Отмена рабства. Анти-Ахматова-2
Шрифт:
Запись А. А. Крона: <…> Я спросил: «Чем Вы раздражили Сталина после войны? Зощенко рассказом «Обезьяна», а Вы?» А<нна> А<ндреевна>: «Он имел основание сердиться. Это было весной 1946 г. Но что именно не скажу».
Говорила слепневской соседке, парижанке, при встрече через полвека: «Вот ты, которая меня хорошо знала и нашу жизнь в Слепневе, ты должна написать…» (Р. Тименчик. Анна Ахматова в 1960-е годы. Стр. 702.) Актриса, после которой должны остаться афиши и рецензии…
Прощаясь
Письмо А.А. В. А. Сутугиной: Дорогая Вива! Конечно, очень грустно, что мы так редко видимся. <…> Когда буду в городе, непременно позвоню Вам. И Вы звоните. Клянусь, что больше не буду требовать от Вас мемуаров». (Летопись. Стр. 691.)
Николай Чуковский, 1904 года рождения, родной брат Лидии Корнеевны, ничего не пишет об Анне Ахматовой. Умудрился, написав о Николае Гумилеве, о Доме искусств, о салоне Наппельбаумов, ни слова не сказать об Ахматовой (не считая упоминания пару раз в перечислениях) в своих «Литературных воспоминаниях».

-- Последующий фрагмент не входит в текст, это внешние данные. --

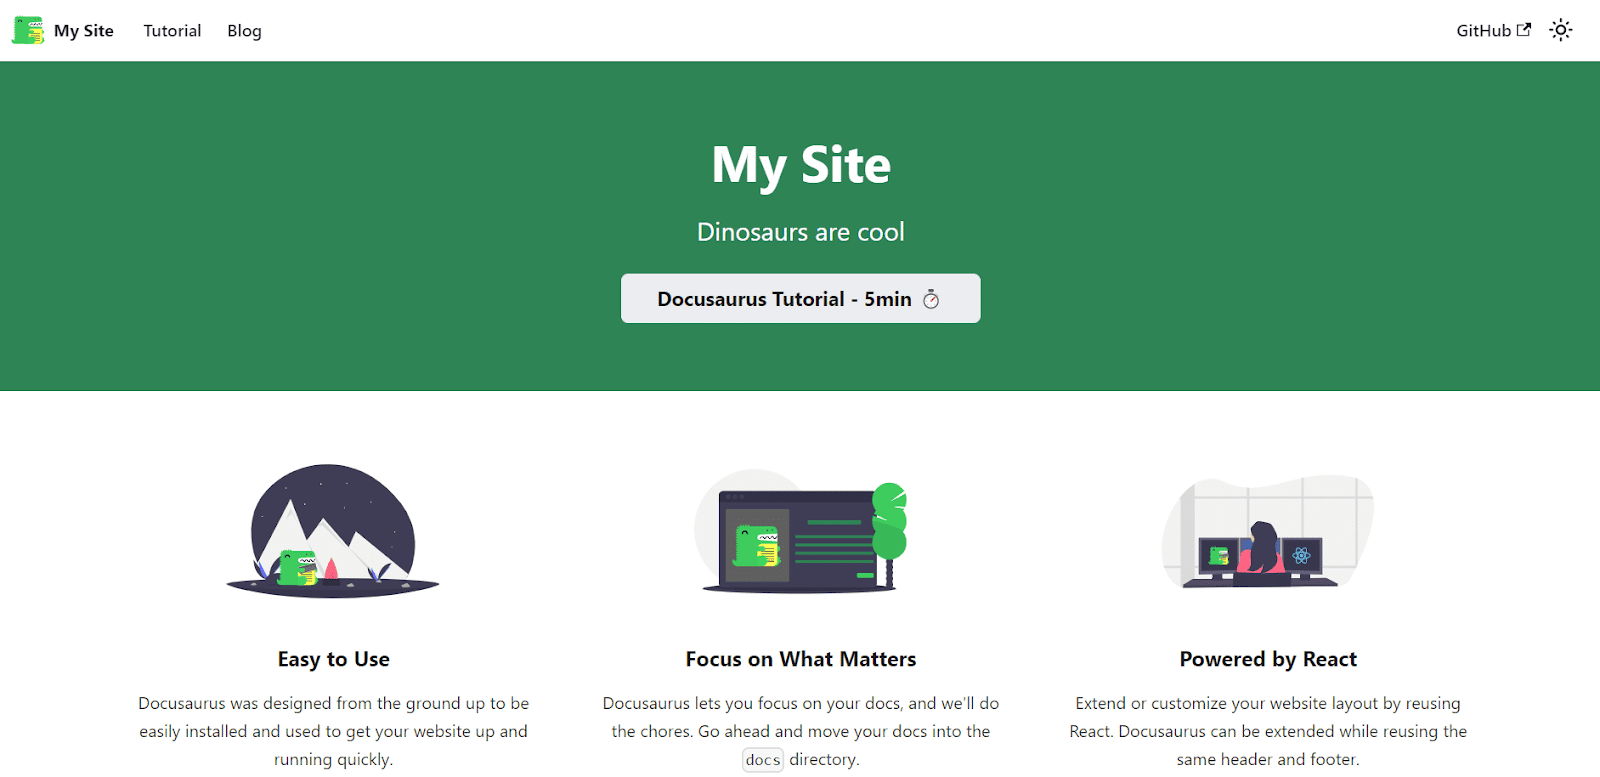 Docusaurusのトップページ（緑色のバナーに白い文字「My Site」と「Dinosaurs are cool」という見出しが表示される）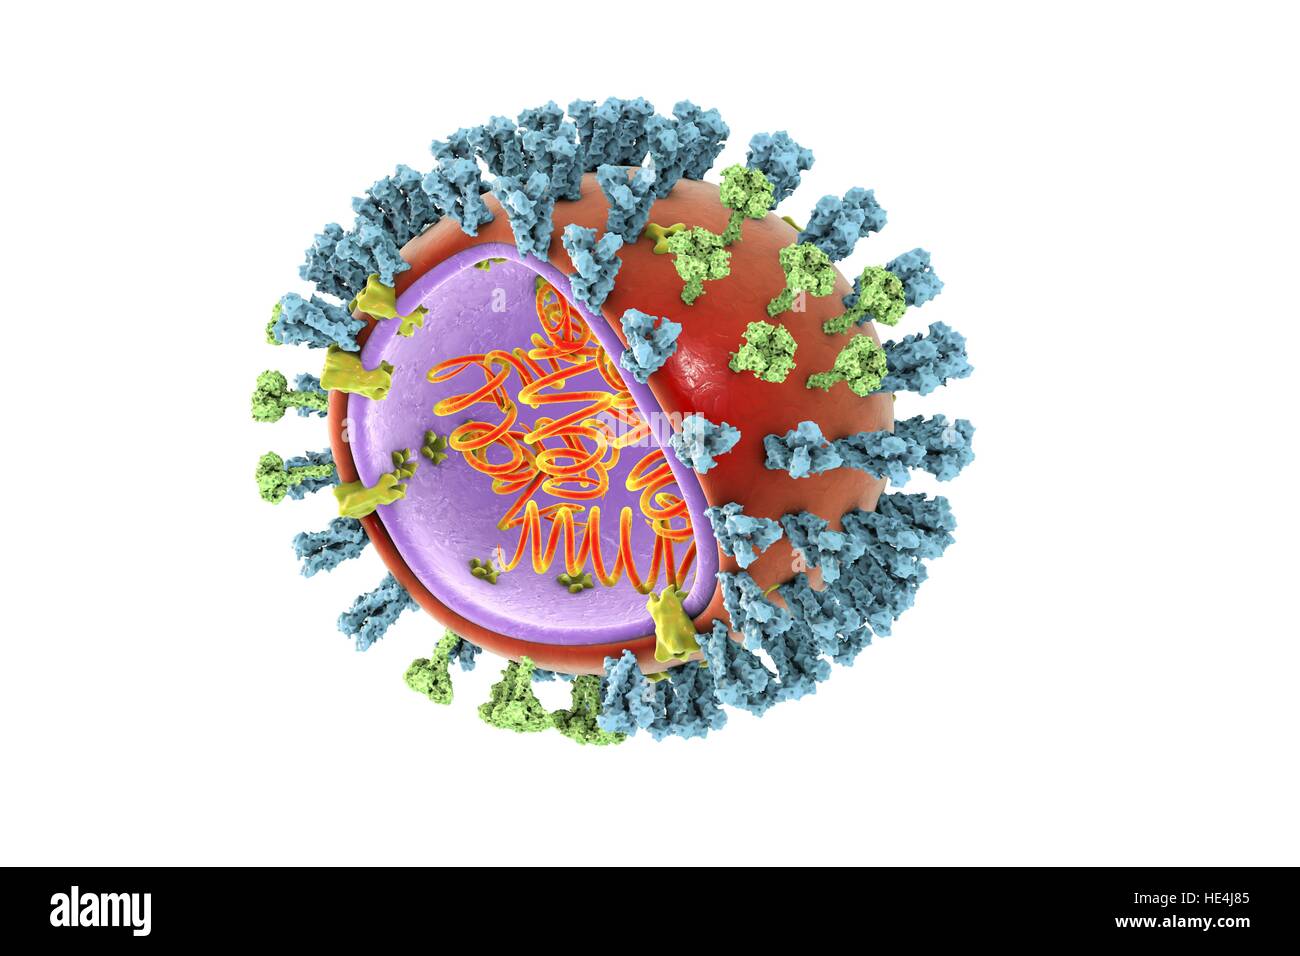 Influenza aviaria virus.3D illustrazione di influenza aviaria H5N8 di particelle di virus.Il virus è costituito da acido ribonucleico (RNA,arancio bobine) core,circondato da nucleocapside (viola) lipide busta (arancione).Spanning capside busta sono M2 proteine (giallo),che agiscono come pompe di protoni.In busta sono due tipi di Foto Stock

Правда, писались воспоминания при жизни Ахматовой — и упоминать ее в любом ключе было небезопасно, она не разрешала ничего самовольного.
Профессиональный литератор, он писал только то, что намеревался опубликовать. Нет воспоминаний об отце, нет и об Ахматовой. Первый запрет — в ведомстве его сердца, второй — затылка.
Про Гумилева написал достаточно свободно, как вспомнил и как увидел, а значит — невосторженно. Но она к тому времени еще не объявила кампании о возвеличивании Гумилева для создания достойного постамента себе, поэтому проскочило.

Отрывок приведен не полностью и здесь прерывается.